Proposed cybersecurity enhancements periodically emerge through federal rulemaking and guidance. As of November 7, 2025, proposed enhancements are not enforceable until finalized; you must continue meeting current HIPAA Security Rule requirements while monitoring HHS announcements. Expect phased timelines once any final rules publish, with lead time to implement new controls.

Key takeaways

• The Security Rule applies whenever your organization handles ePHI, including through vendors and cloud services.
• Compliance hinges on sound risk analysis, layered safeguards, documentation, and continuous improvement.
• Multi-factor authentication, encryption, logging, and vendor oversight are cornerstone controls in modern programs.

FAQs

Which entities are considered covered entities under the HIPAA Security Rule?

Covered entities are health care providers that conduct standard electronic transactions, health plans, and health care clearinghouses. Hybrid entities must apply the Rule to their designated health care components and any shared services that handle electronic protected health information.

Does the Security Rule apply to business associates?

Yes. Business associates and their subcontractors that create, receive, maintain, or transmit ePHI on behalf of a covered entity must comply with the Security Rule, sign business associate agreements, and implement safeguards proportionate to their risks.

What are the mandatory safeguards under the HIPAA Security Rule?

You must implement administrative, physical, and technical safeguards. Core elements include security risk assessments and risk management, workforce training, access controls, audit logging, integrity protections, transmission security, contingency plans, and vendor oversight.
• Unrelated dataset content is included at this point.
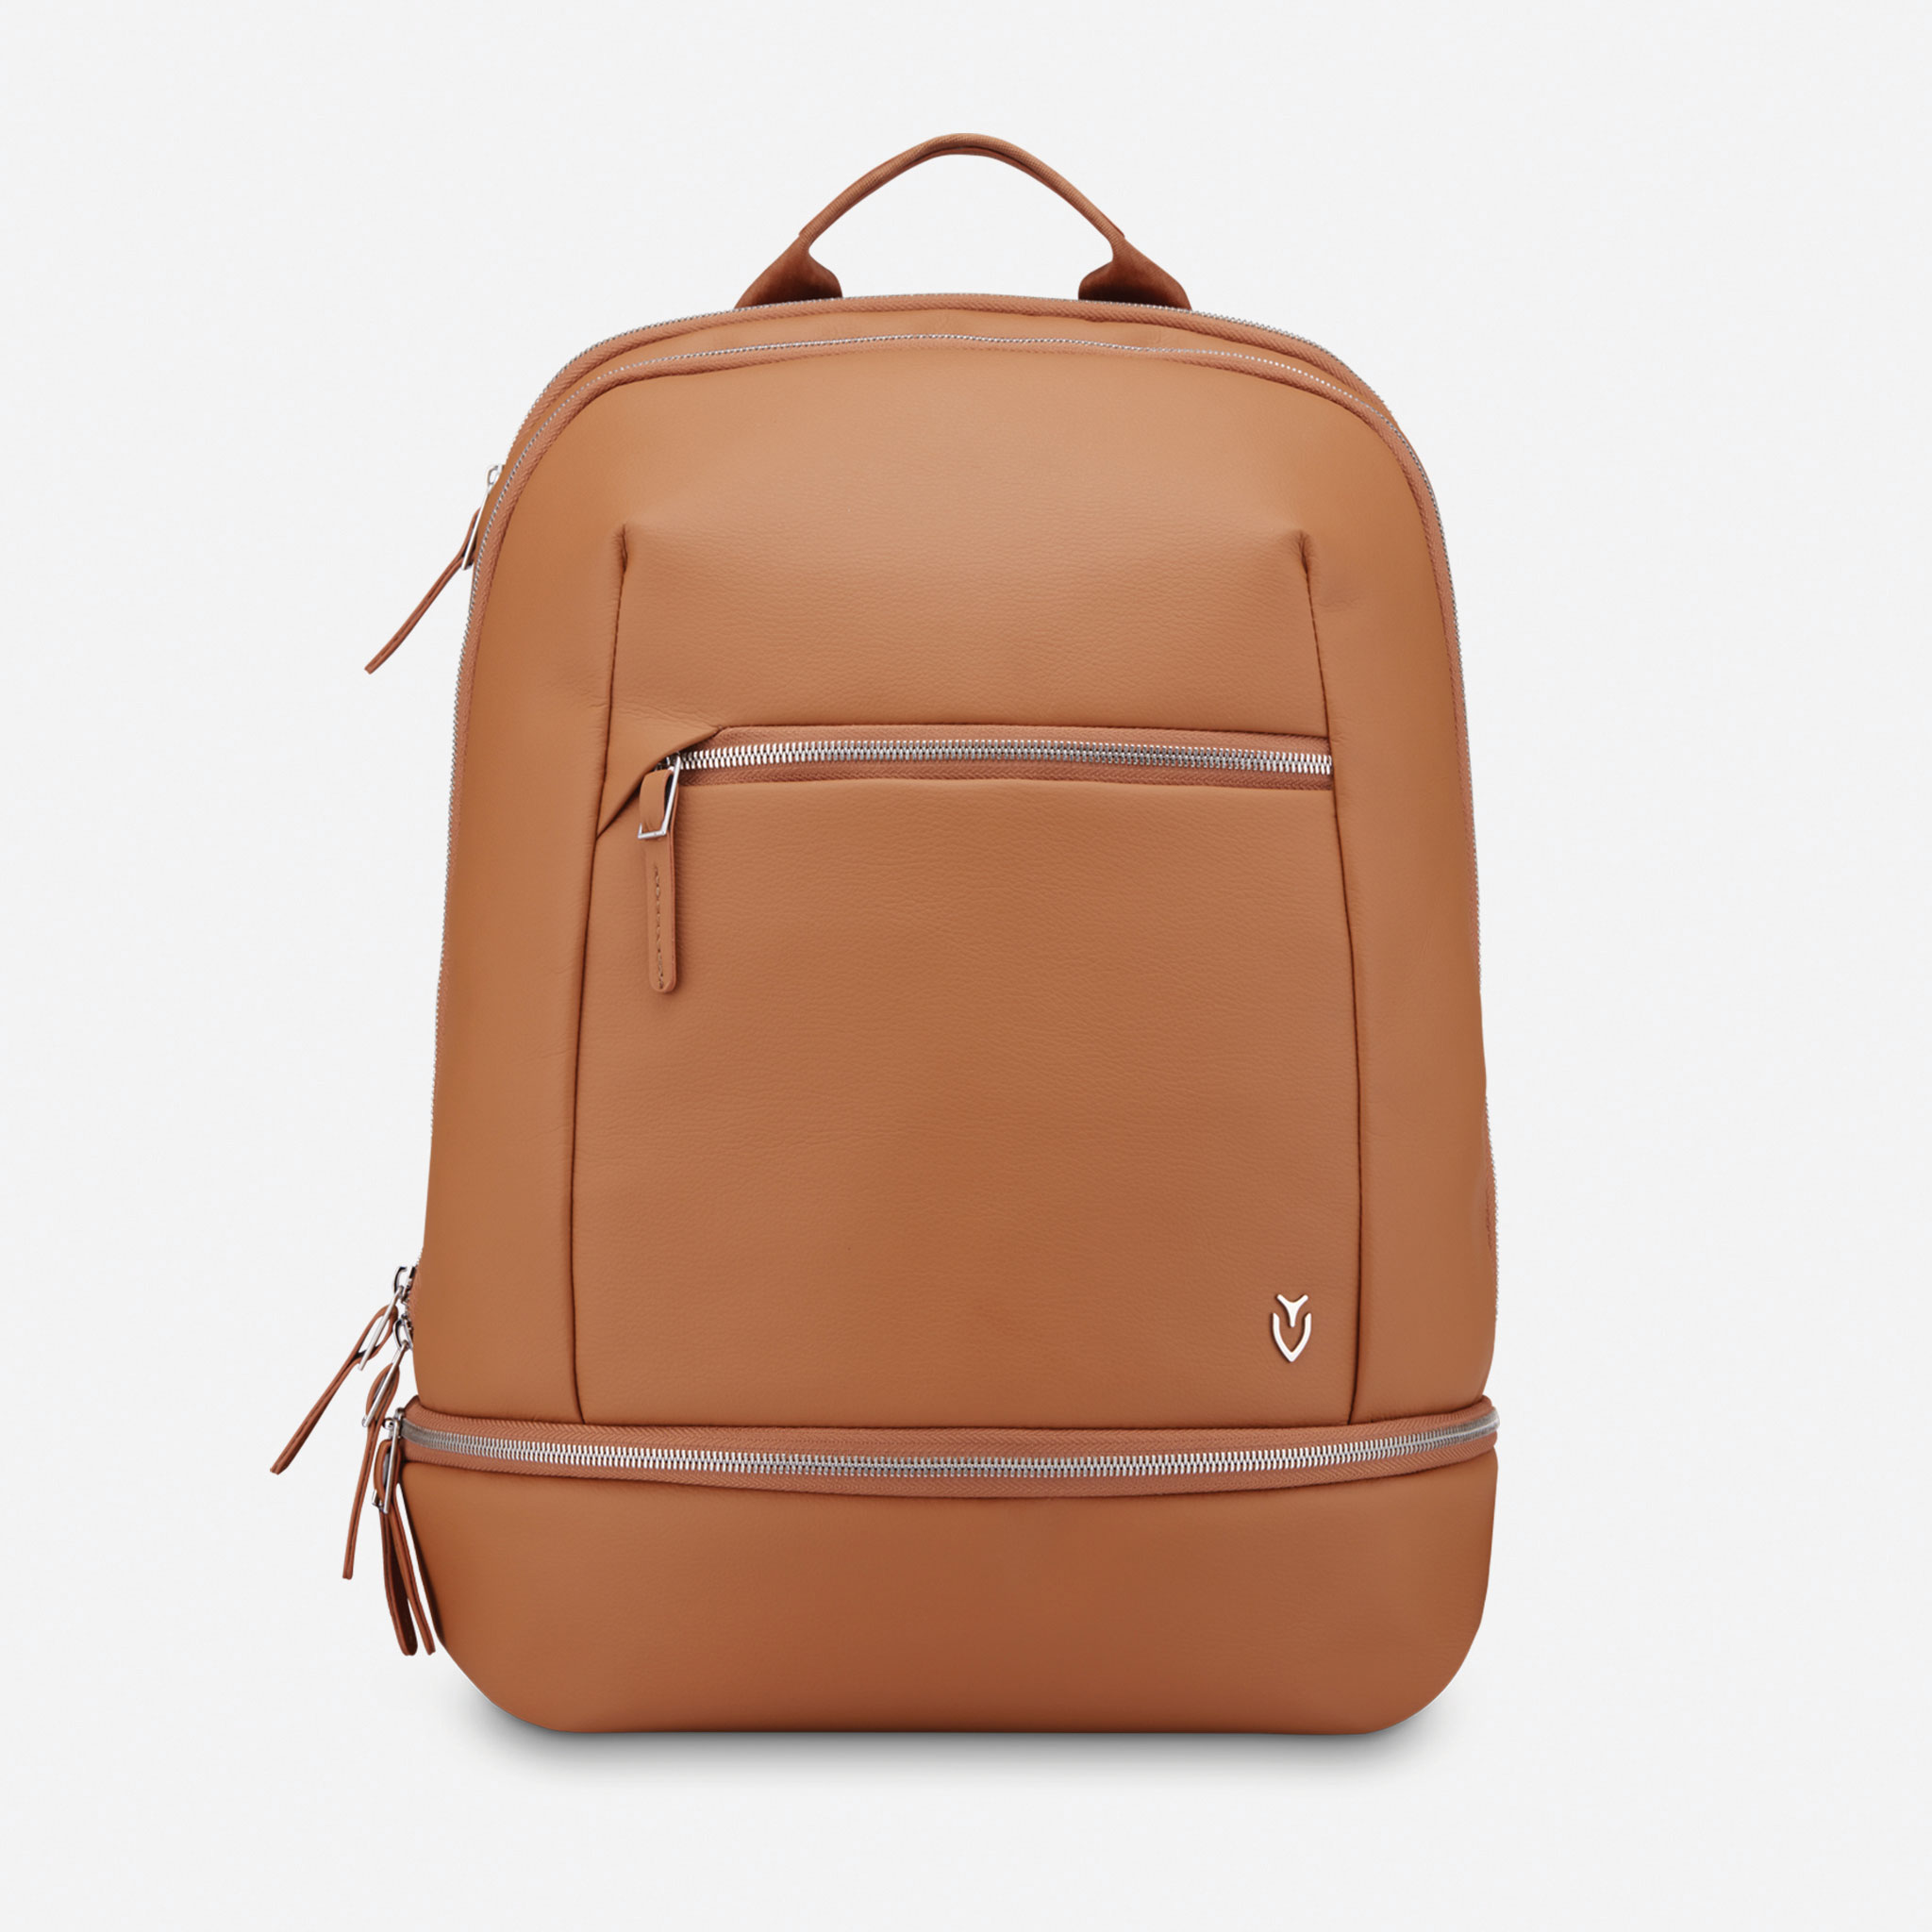 vessel bag signature 2.0 caramel tan
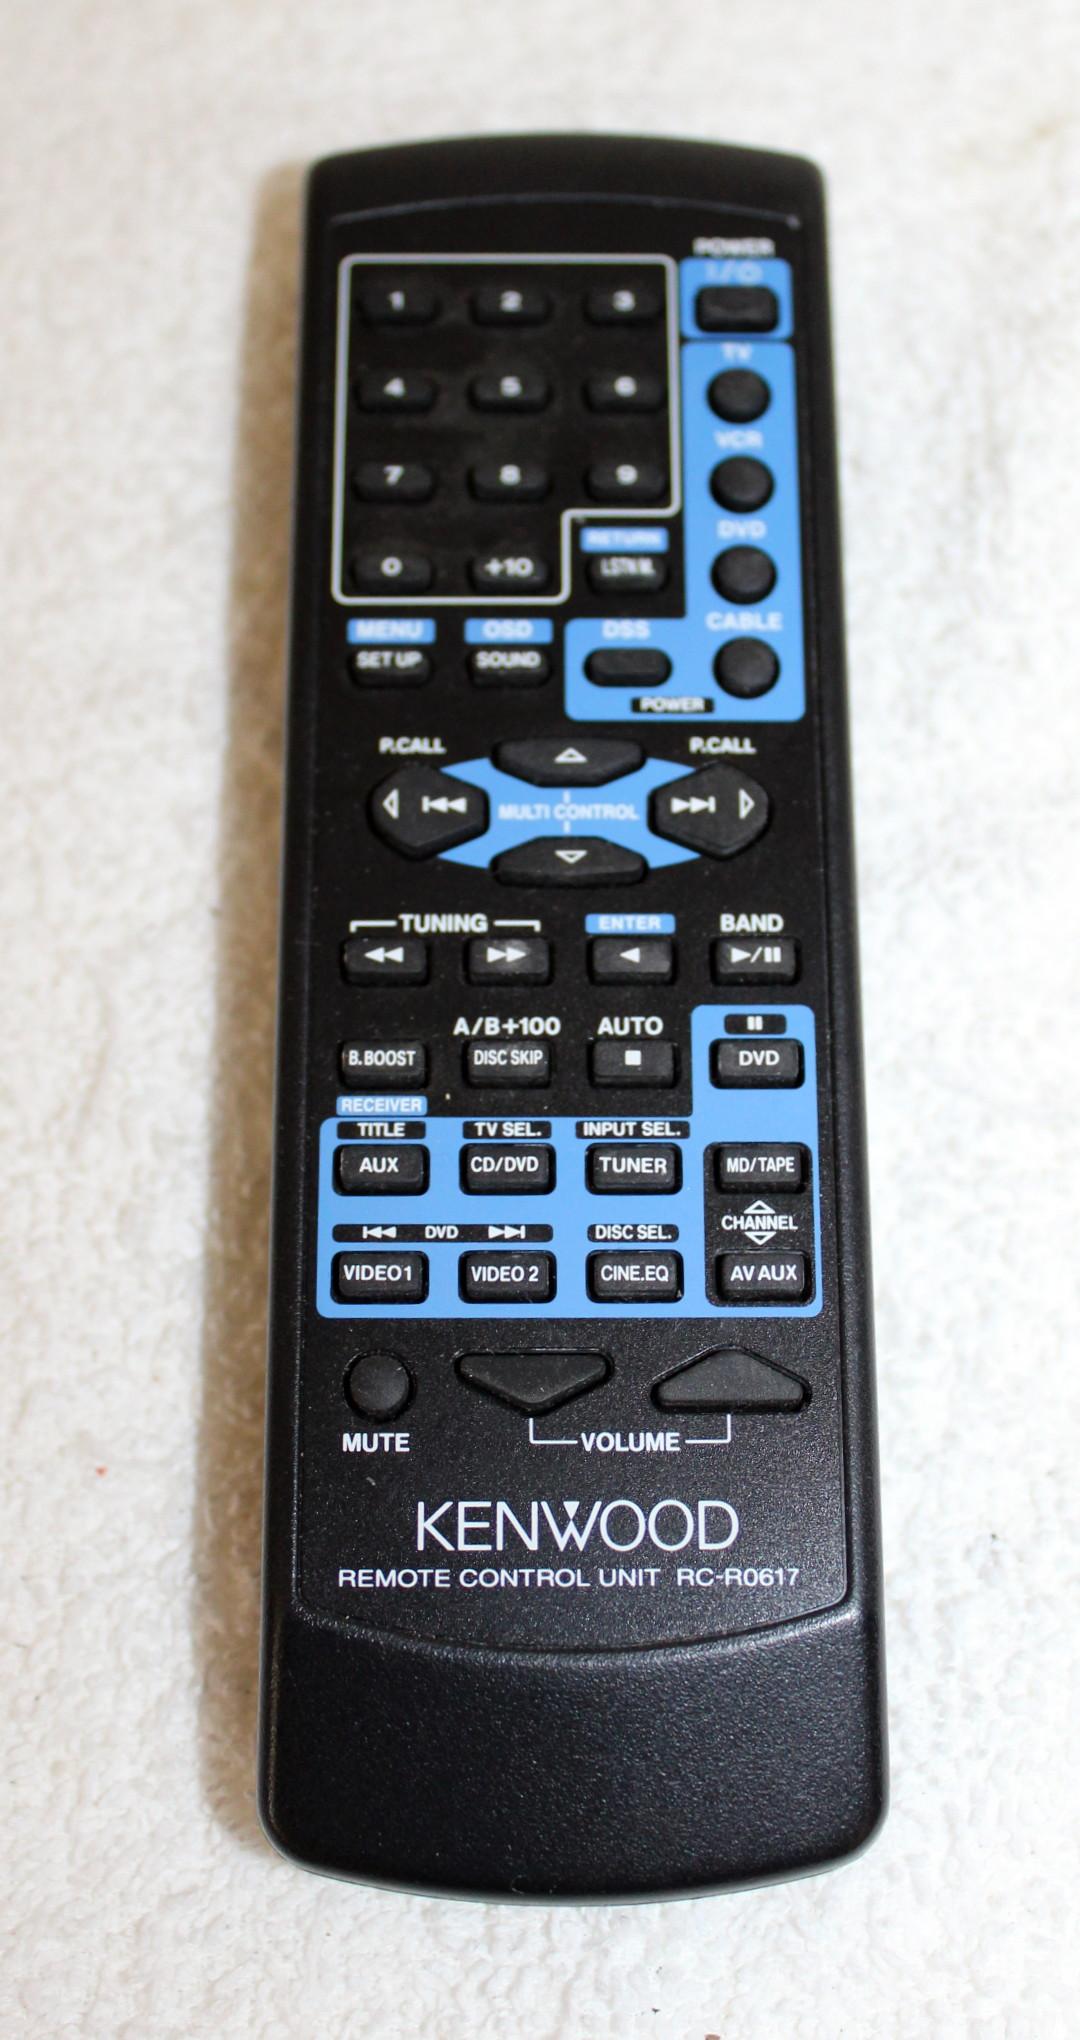 kenwood vr 517 stereo am fm receiver remote manual av control rh ebay com Kenwood Receiver Operator Manuals Kenwood Instruction Manual

Some specifications are required, while addressable ones must be implemented, replaced with an effective alternative, or justified with documented risk decisions.

When must covered entities comply with proposed cybersecurity enhancements?

Proposed enhancements are not binding until a final rule is issued. As of November 7, 2025, there is no federal HIPAA compliance date for proposals; monitor HHS and OCR announcements. Once finalized, expect defined effective dates and reasonable transition periods to implement new requirements.